# TV2 Connection



## Jim148 (Jun 22, 2004)

When my original 622 was installed, the installers ran RG6 to a second TV for TV2. More recently I have ran RG6 to several rooms throughout the house. Now, I am just wondering if anybody here is doing anything different for TV2 content, particularly is more than one location want to view TV2 simultaneously. For example, is anybody here running long lengths of component or composite cables to multiple rooms? Are there any other options? The standard definition picture through RG6 is okay, but it is not exactly great either.


----------



## BillJ (May 5, 2005)

Some of us have run HDMI or component to other rooms using powered splitters to get HDTV from TV1 to other TVs. Of course you have to run the receiver in single mode for this to work. I don't think you'll see much improvement on TV2 output over RG6. If it's a really long run or you are feeding several rooms you should used a powered splitter for the RG6. That might help some.


----------



## Jim148 (Jun 22, 2004)

Thank you very much for the reply. Yes, I am running a powered splitter and I am most interested in dual mode.


----------



## jsk (Dec 27, 2006)

If you ran composite cables to other rooms, you would be viewing the TV1 content. The TV2 output is SD only.


----------



## Michael P (Oct 27, 2004)

I have 2 TV-2's on the RF feed. The output of the 622 is powwerful enough that I don't need a powered splitter. I even have 2 TV 2 remotes, each one customized to the TV in the room.

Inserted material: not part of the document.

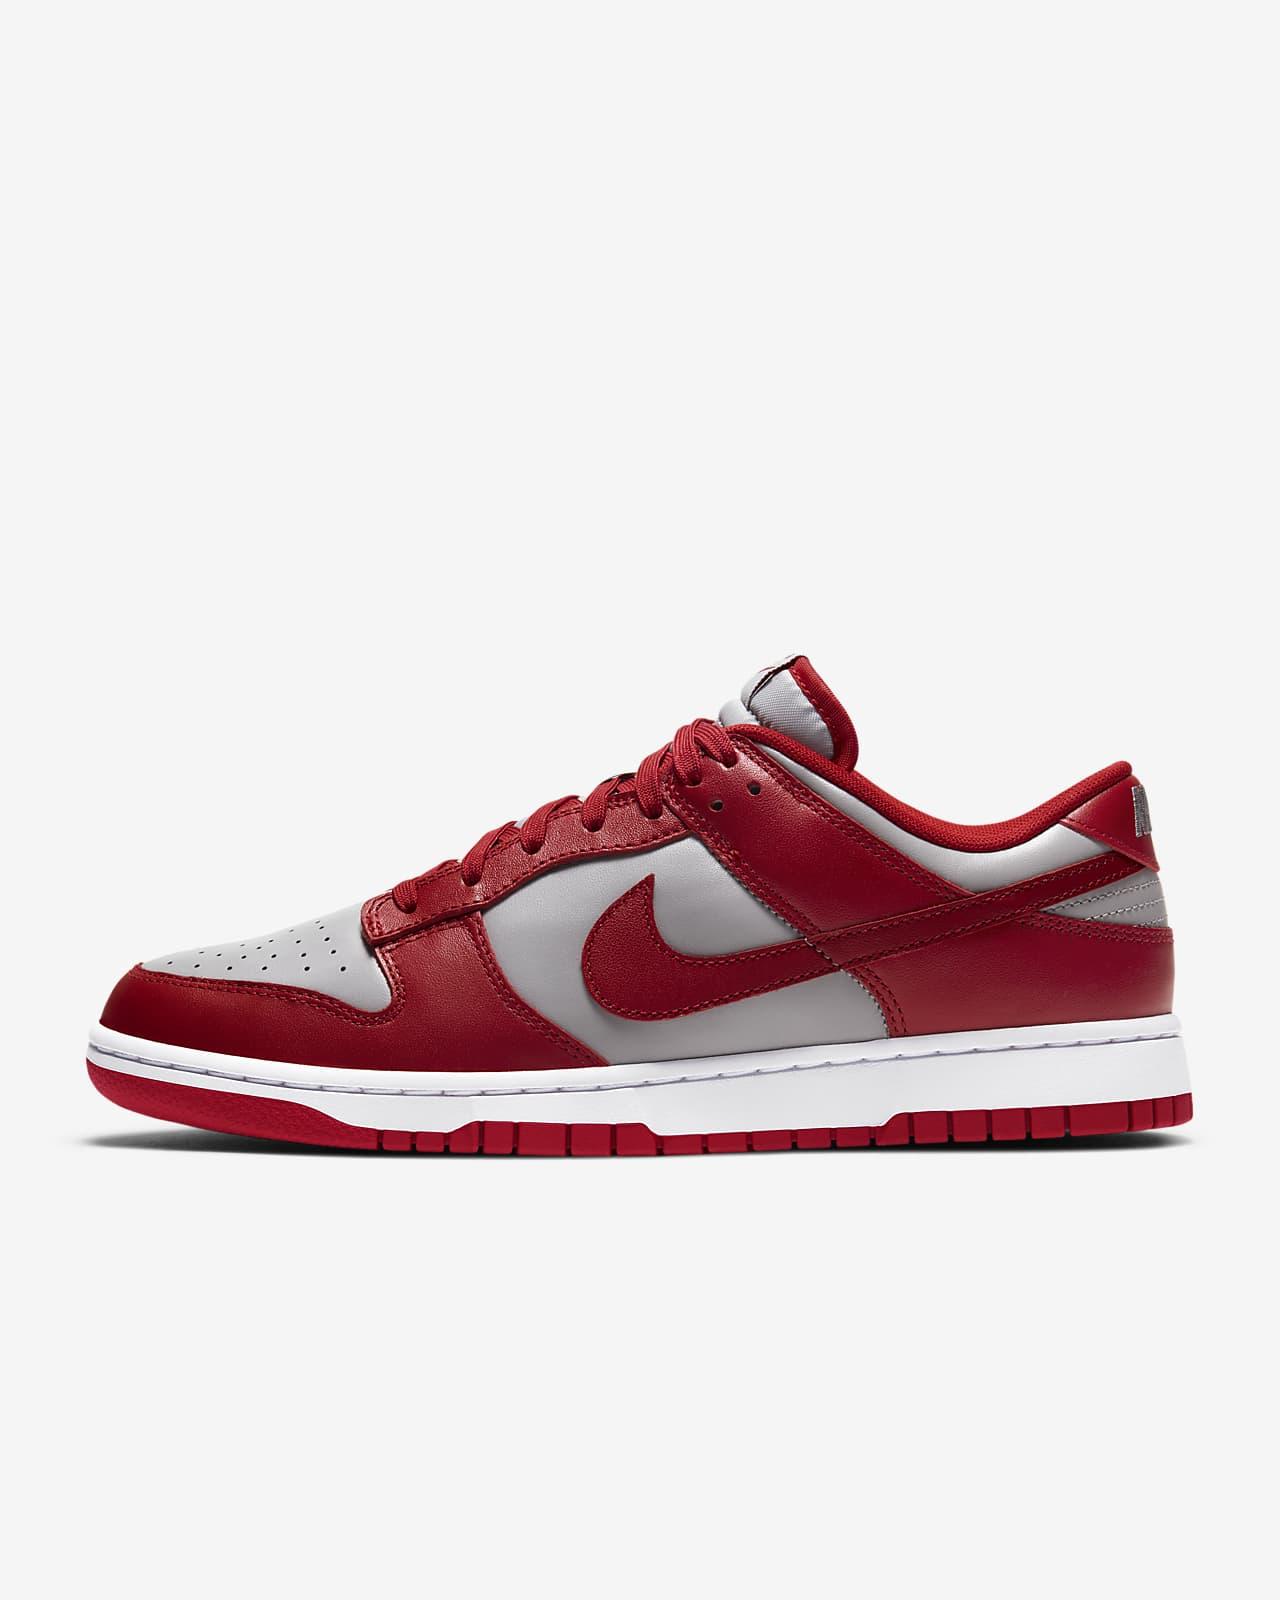 Nike Dunk Low Retro Men's Shoe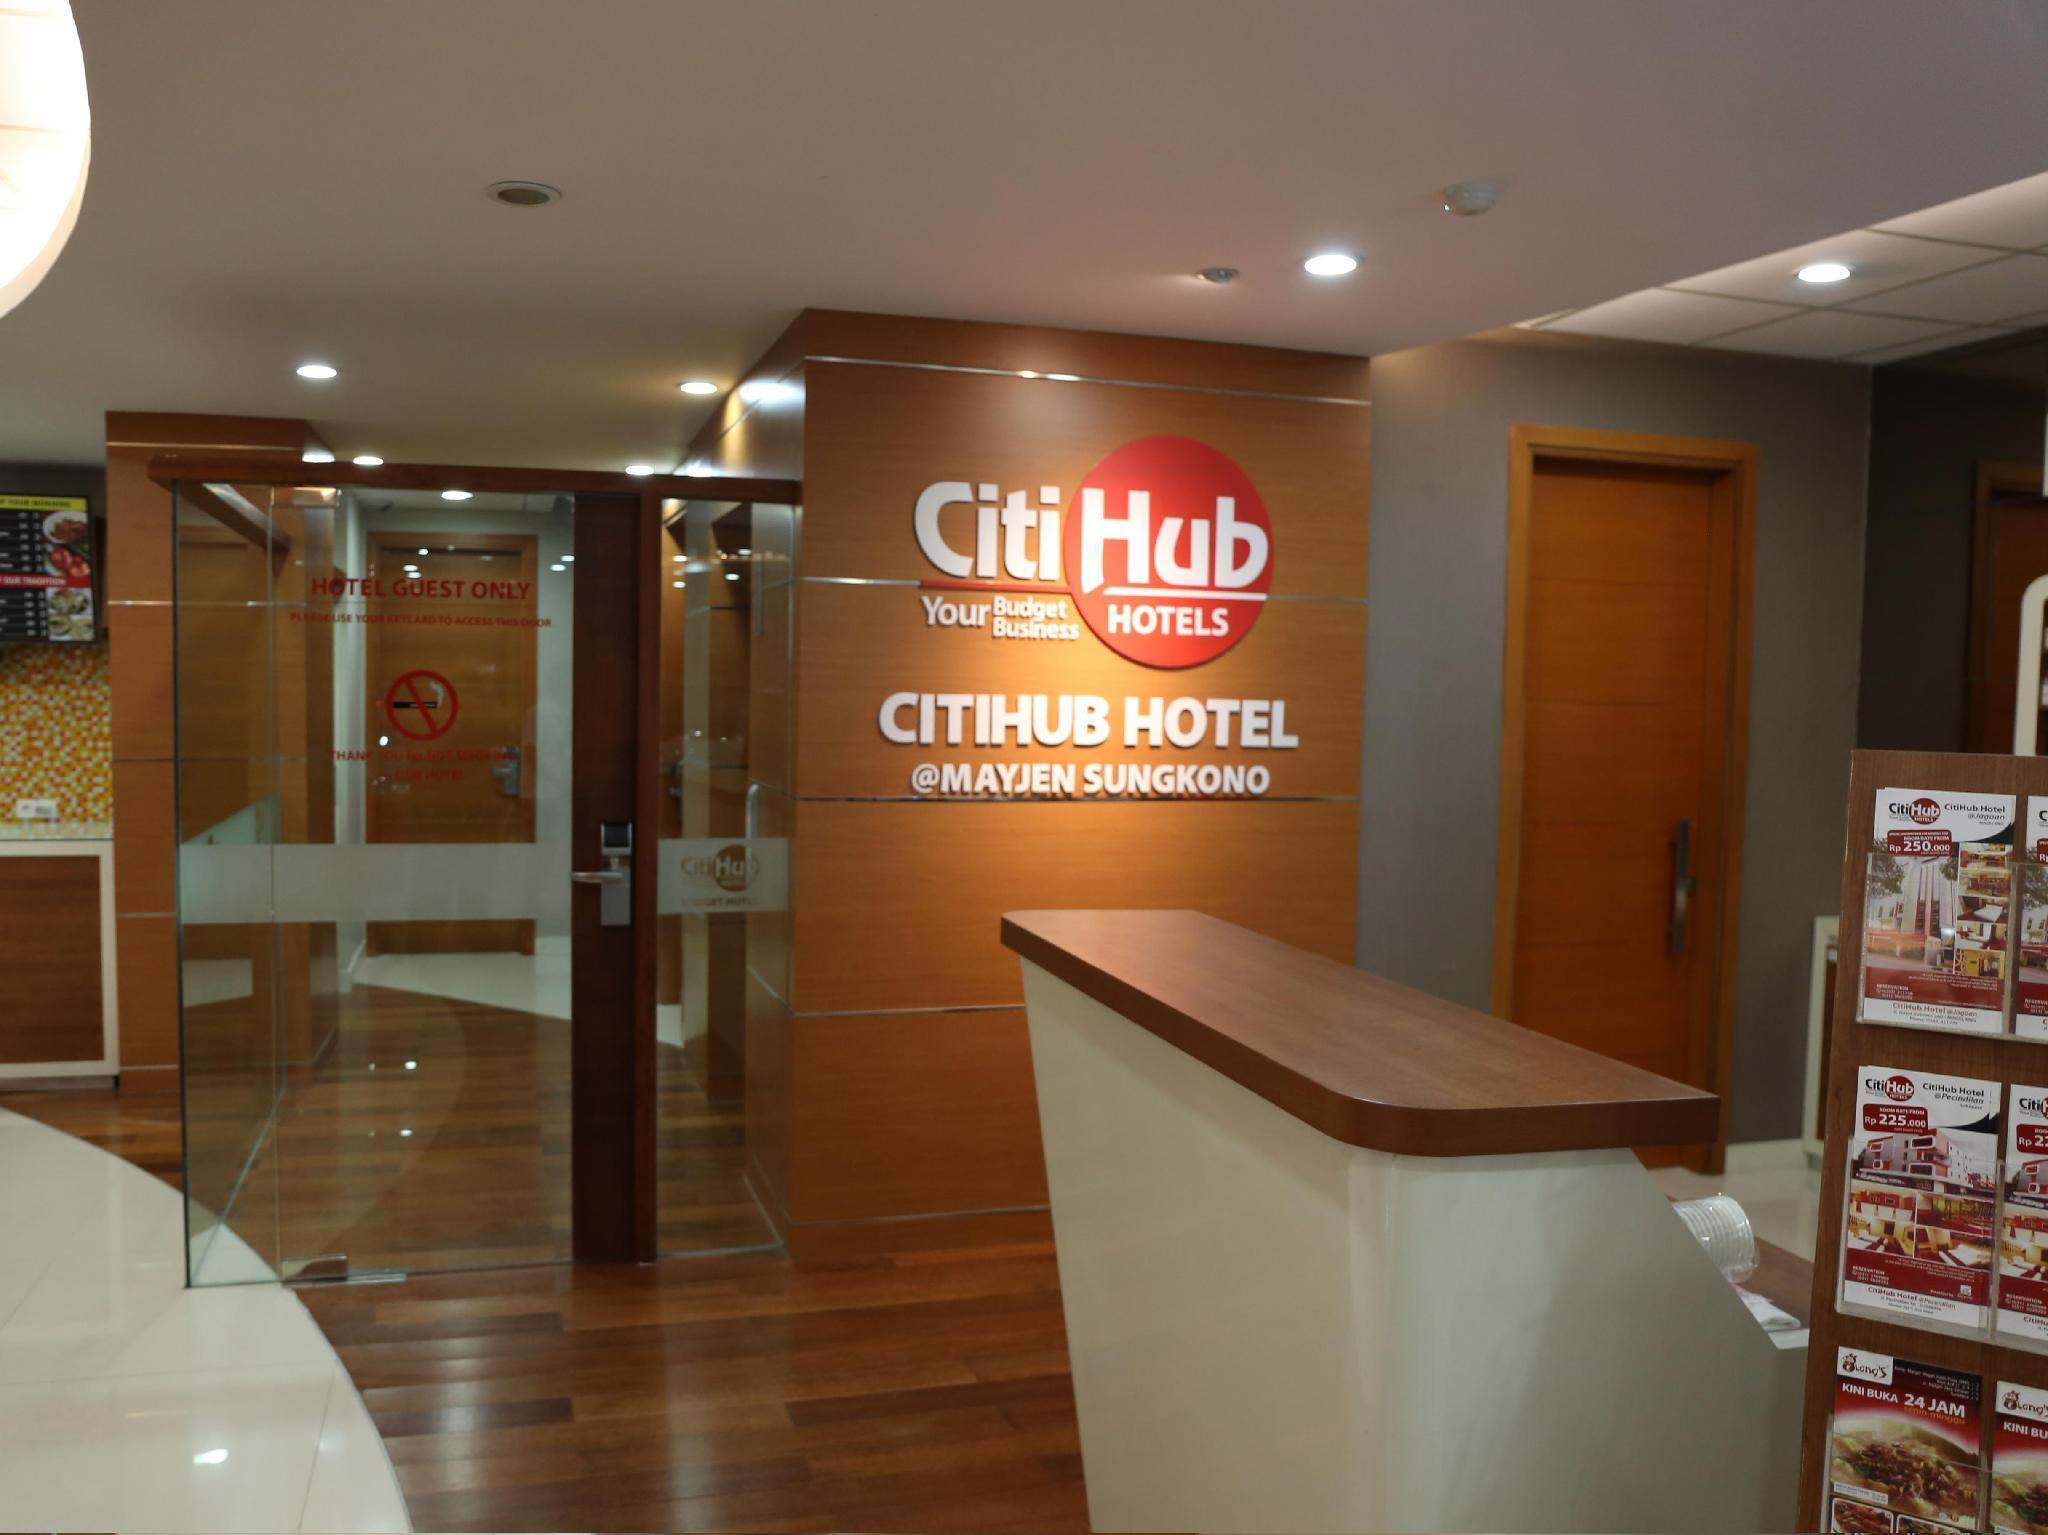 Citihub Hotel @Mayjen Surabaya Indonesia

The installer who put in my 1000.4 that you could not have 2 "competing" TV 2 remotes. But I went ahead and set them up anyway. The trick is to ignore one of the steps in the instructions (the step that tells you to use a remote code other than the one displayed in system info). So each remote has the same remote code but a different brand TV to control.


----------



## Jim148 (Jun 22, 2004)

Thanks again for all of the replies. I actually have six TVs on the TV2 connection. I have 2 on the second floor, 2 on the first floor, and 2 in the basement. I do run an amplifier. I wonder if the future for TV2 connection might be CAT5 ethernet cable? I think the possibility of an HD TV2 was discussed via a local ATSC, but I think it was determined that it could not happen. That is too bad, but in the meantime I am satisfied with SD on TV2.


----------



## BattleZone (Nov 13, 2007)

The licensing agreements that multi-channel providers have with the content owners prohibit the use of unencrypted digital HD transmissions (read: ATSC or ClearQAM formats), which are the only HD formats your TV can understand without a separate converter box. So, there will never be an ATSC or ClearQAM HD solution.

Any future solutions are likely to involve the new RVU format, which is kind of an extension to DNLA.


----------